L’emprise de la sociologie politique sur la science politique est aujourd’hui telle que certains auteurs
(et certains manuels) considèrent que « science politique » et « sociologie politique » sont
synonymes.
D’autres disciplines exercent une influence réelle mais moindre, comme l’histoire politique
(avec les travaux de Machiavel par exemple, et plus récemment René Rémond, Serge Bernstein et
Pierre Milza, J.-F. Sirinelli), l’anthropologie politique (Claude Lévi-Strauss), la psychologie
politique.
Quelques exemples de travaux en psychologie politique :
- les travaux de Théodore Adorno sur la personnalité autoritaire,
- la psychologie des foules de Gustave Lebon (1895) : dans les situations de foule,
l’individu a tendance à imiter le comportement des autres et devient moins rationnel.

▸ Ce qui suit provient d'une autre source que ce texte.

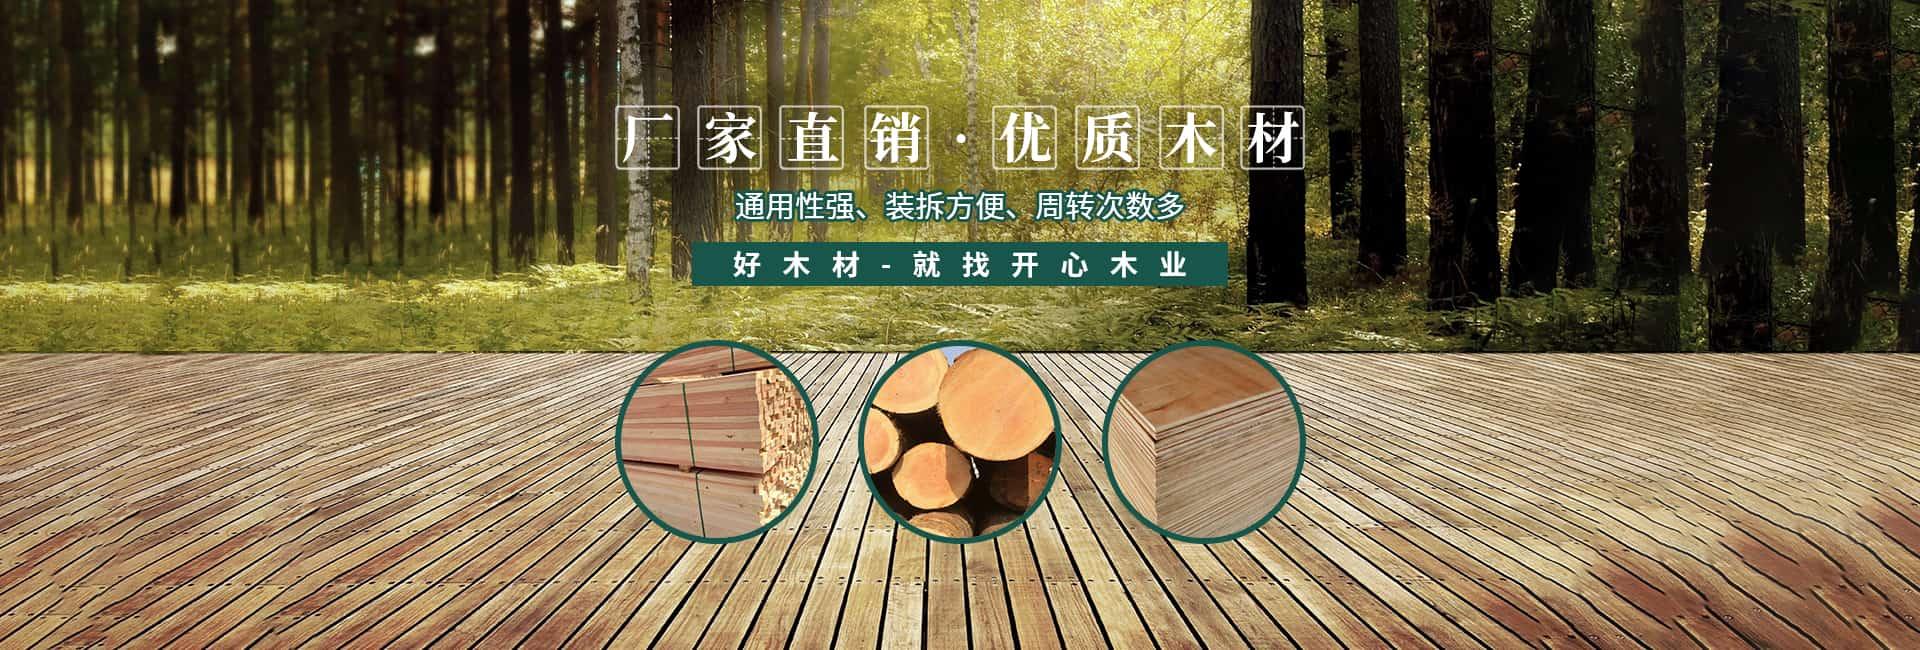 宜賓木材廠家

- l’expérience célèbre de Stanley Milgram en 1963 montrant la soumission à l’autorité avec,
dans 2/3 des cas, des décharges électriques infligées sans réflexion à des personnes
innocentes.
- La « ritualisation bureaucratique » mise en exergue par Robert Merton. Les agents sont
focalisés par le respect des procédures et s’écartent de la finalité même de la structure. Ils
développent une logique de « sur-conformité », c’est-à-dire de soumission compulsive à la
norme, refusant toute adaptation aux situations particulières.
La science politique est donc au carrefour de différentes sciences sociales et humaines, avec
aujourd’hui une prédominance de la sociologie. Souvent, elle n’est l’œuvre que d’un
La reconnaissance de la science politique comme discipline propre, à part entière a été lente en
France, tant d’un point de vue académique que social.
➢ D’un point de vue social, la reconnaissance de la science politique comme discipline pose
la question des médias et de l’insertion professionnelle.
o D’un point de vue médiatique, les « experts » mobilisés en ce champ donnent une
visibilité à la discipline (Pascal Perrineau, Dominique Reynié, Olivier Duhamel,
Pascal Bonniface). Le propos journalistique est toutefois nécessairement contraint
par le temps, et l’analyse des « politistes » (c’est-à-dire des chercheurs en science
politique) se fait souvent loin des médias.
o Quant aux débouchés professionnels, il faut distinguer entre ce que les anglo-
saxons nomment le « politics », c’est-à-dire le processus lié à l’exercice et à la
conquête du pouvoir, et le « policy », c’est-à-dire les programmes et les actions.